In Galton's own conception, the polyhedron embodies four major implications that assert and codify the power of formalist constraint as an evolutionary agent of change (not just an impediment), while controverting the essential Darwinian claim that natural selection alone builds new forms in a creative and accumulative fashion.
1. Occasional large variations (sports) are more important for evolution than omnipresent, normally distributed small variation. This substitution of big for small forces a major compromise, and may even represent a fatal weakness, in Darwin's theory of natural selection.

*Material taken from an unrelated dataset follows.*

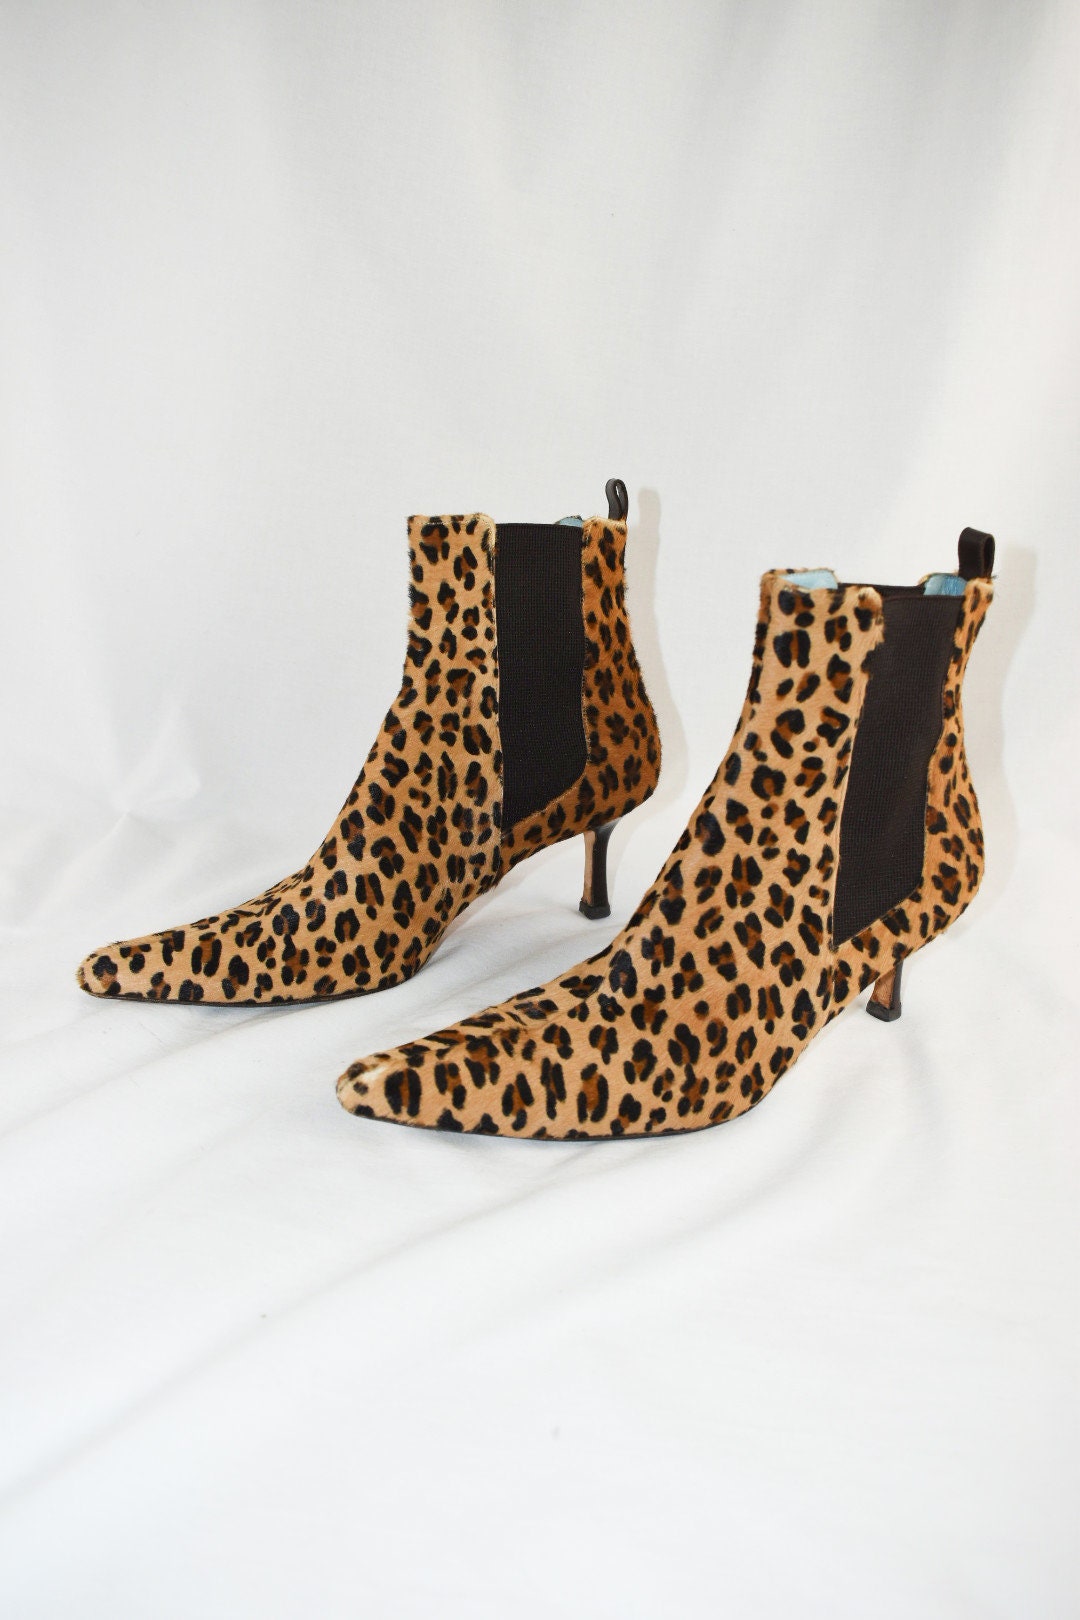 Y2K Leopard Hair Ankle Boots / 39 8.5 - Etsy

Galton first introduced his polyhedron to question Darwin's key claim for insensible gradation in evolutionary continuity. (Galton, of course, did not deny continuity, but he wished to substitute a series of jumps — facet flipping, if you will — for Darwin's smoothness): “It is shown by Mr. Darwin, in his great theory of 'The Origin of Species,' that all forms of organic life are in some sense convertible into one another, for all have, according to his views, sprung from common ancestry.... Yet the changes are not by insensible gradations; there are many, but not an infinite number of intermediate links; how is the law of continuity to be satisfied by a series of changes in jerks?” (1884 edition, p. 369).

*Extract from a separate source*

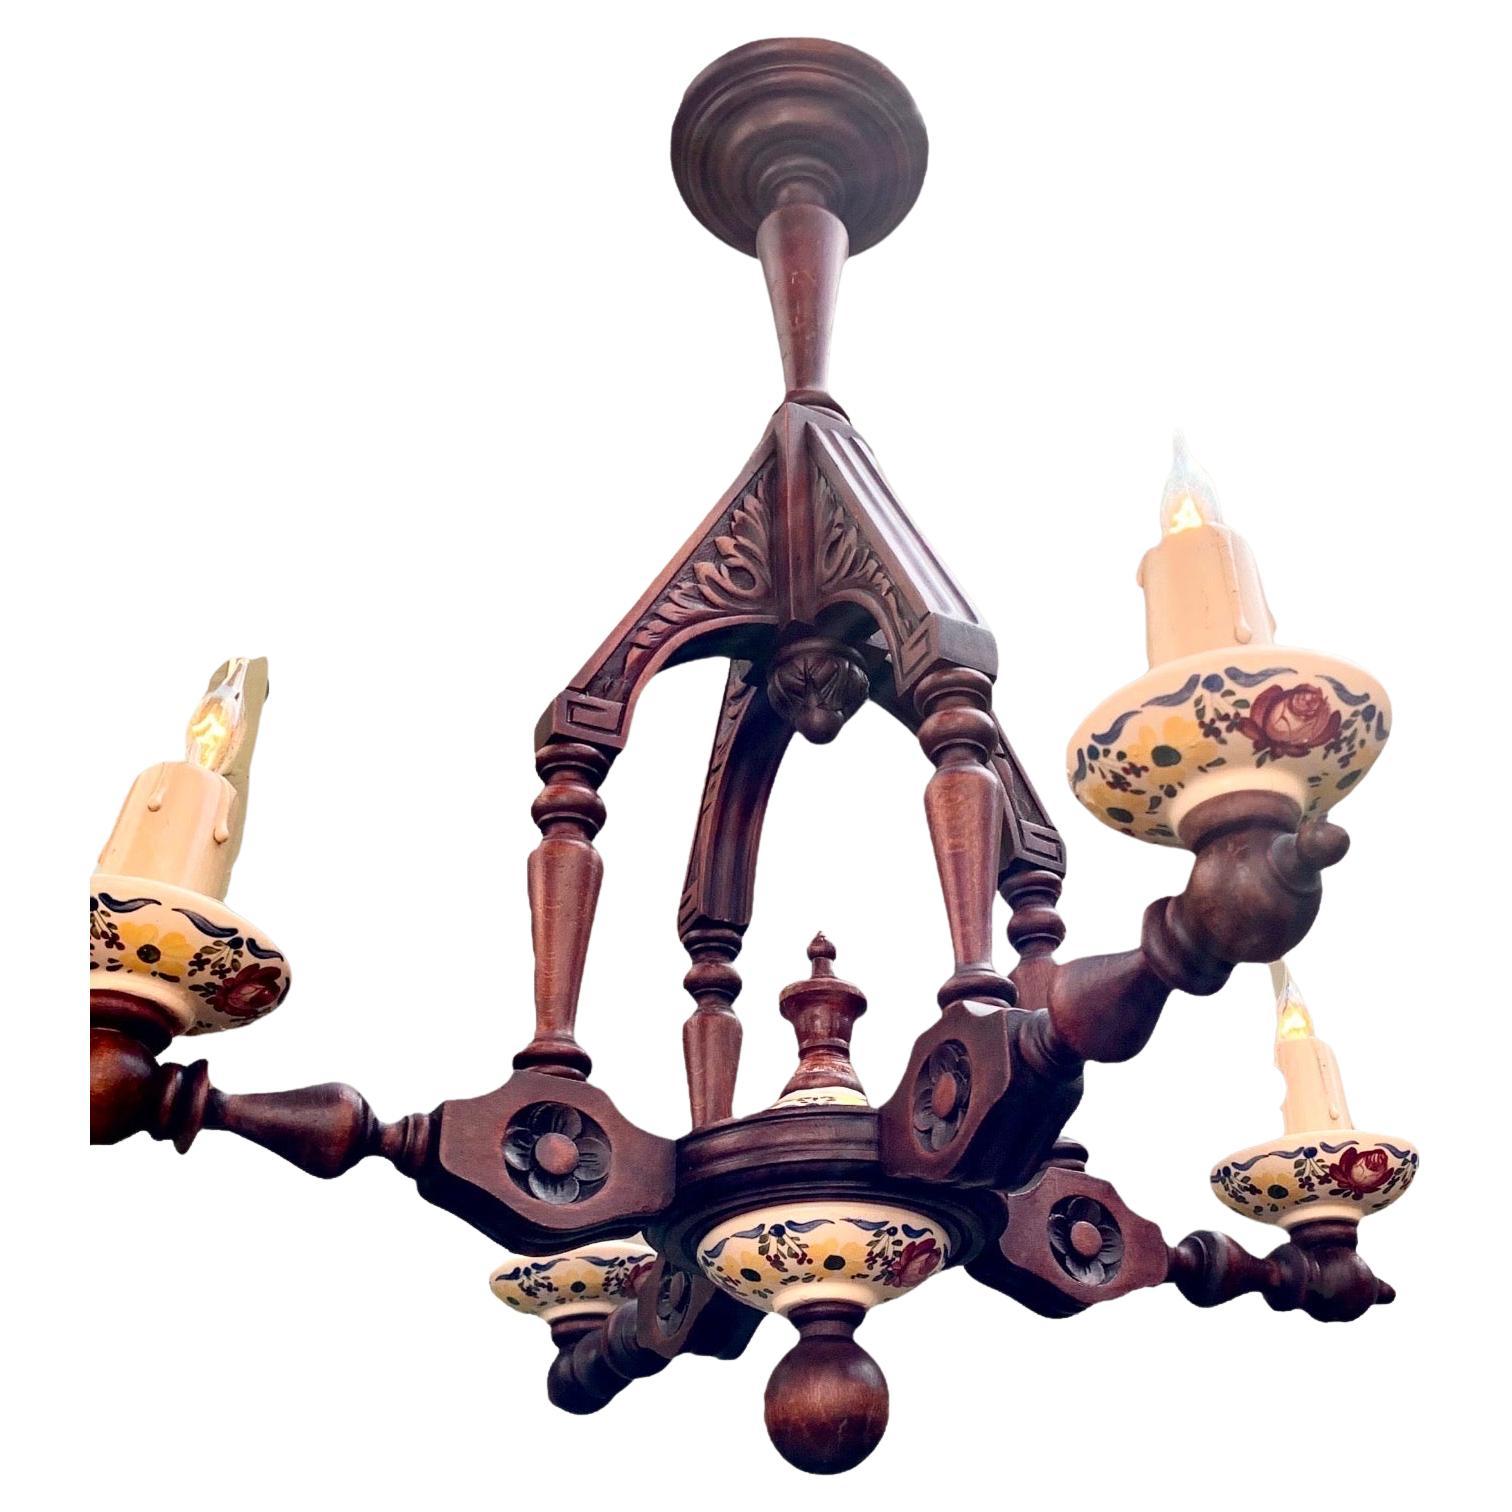 An antique, early 20th century French hand-carved and turned walnut chandelier having delightful and unusual hand-painted faïence bobesch and matching faïence center cups and ball finial. The original and hand-made faïence cups are the show stopper

In a later article on “Discontinuity in evolution,” Galton posed the fundamental question of change in Darwin's favored style: “By what steps did A change into B? Was it necessarily through the accumulation of a long succession of alterations, individually so small as to be almost imperceptible, though large and conspicuous in the aggregate, or could there ever have been abrupt changes?” (1894, p. 363). Acknowledging the criterion of relative frequency for resolving debates in natural history, Galton correctly notes that Darwin did catalog exceptions, but only to log their peripheral character and to assert the domination of gradualistic accretion by natural selection leading to adaptation:
Notwithstanding a multitude of striking cases of the above description collected by Darwin, the most marked impression left on the mind by the sum of all his investigations was the paramount effect of the accumulation of a succession of petty differences through the influence of natural selection. This is certainly the prevalent idea among his successors at the present day, with the corollary that the Evolution of races and species has always been an enormously protracted process. I have myself written many times during the last few years in an opposite sense to this.

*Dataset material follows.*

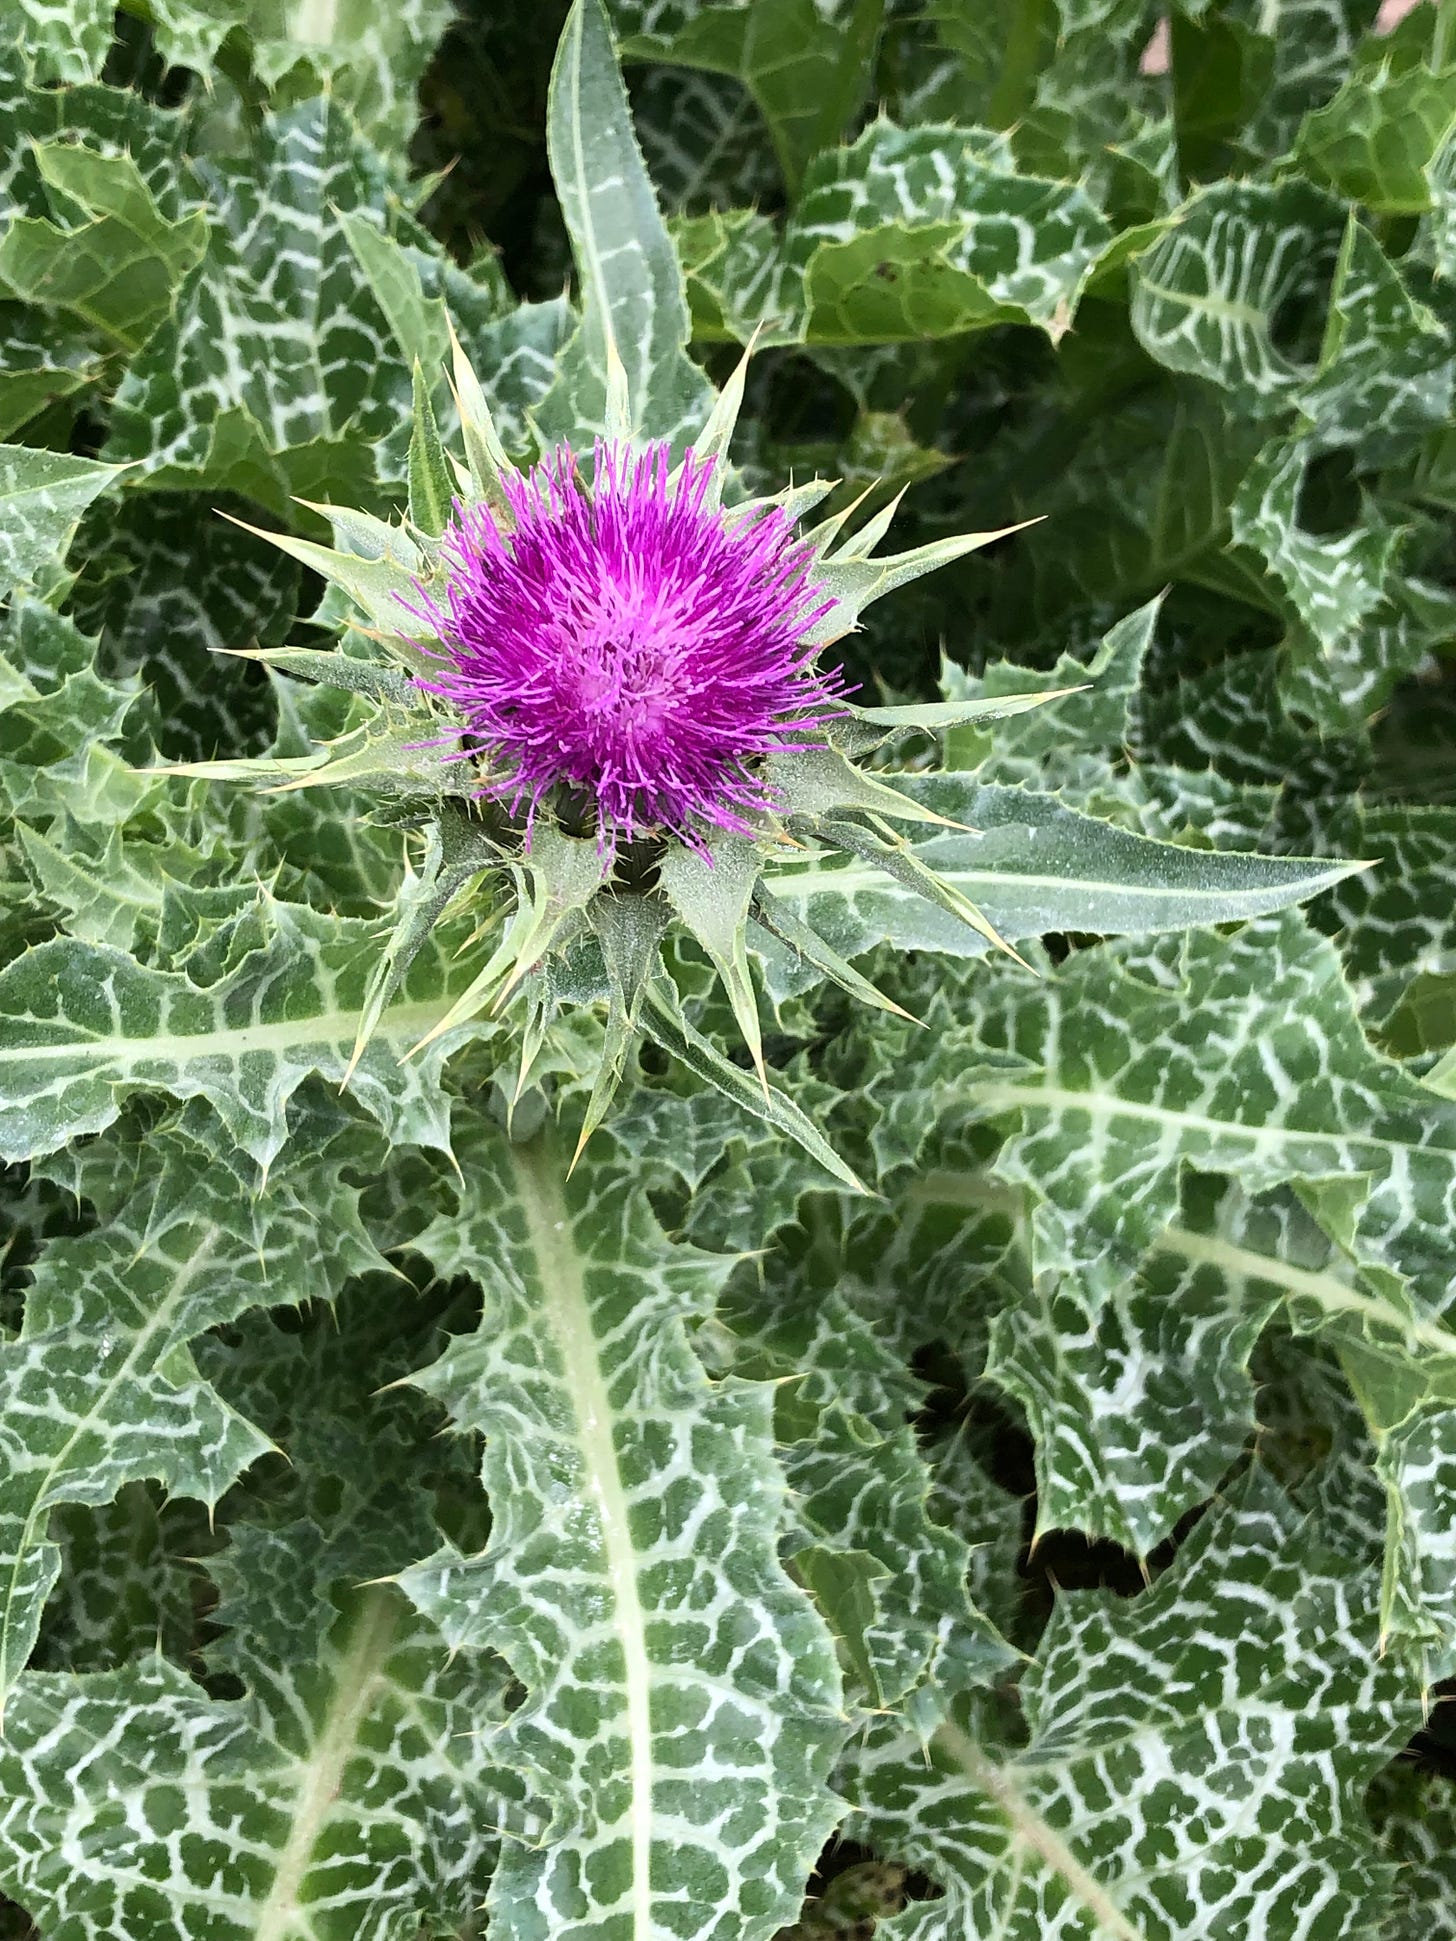 A milky thistle with one purple flower in the center of prickly, white-veined leaves.

Galton then strongly asserts that most evolutionary novelty, in opposition to Darwin, probably arises per saltum: “Many, if not most breeds, have had their origin in sports” (p. 365). Galton bases his rationale on the argument that continuous, small-scale Darwinian variability, though omnipresent, cannot [Page 347] be effective because regression toward the mean precludes accumulation in favored directions. Galton introduces the term “transilience” (literally “going between,” and recently revived by Templeton, 1982, for a different mechanism in the same spirit) to describe his favored concept of non-Darwinian saltatory variation, or facet flipping:
No variation can establish itself unless it be of the character of a sport, that is, by a leap from one position of organic stability to another, or as we may phrase it, through “transilient” variation. If there be no such leap the variation is, so to speak, a mere blend or divergence from the parent form, towards which the offspring in the next generation will tend to regress; it may therefore be called a “divergent” variation.... I am unable to conceive the possibility of evolutionary progress except by transiliences, for, if they were merely divergences, each subsequent generation would tend to regress backwards towards the typical center (p. 368).
2. Internal factors establish a hierarchy of stabilities, discontinuous in origin, and explaining differing degrees of divergence among typical forms.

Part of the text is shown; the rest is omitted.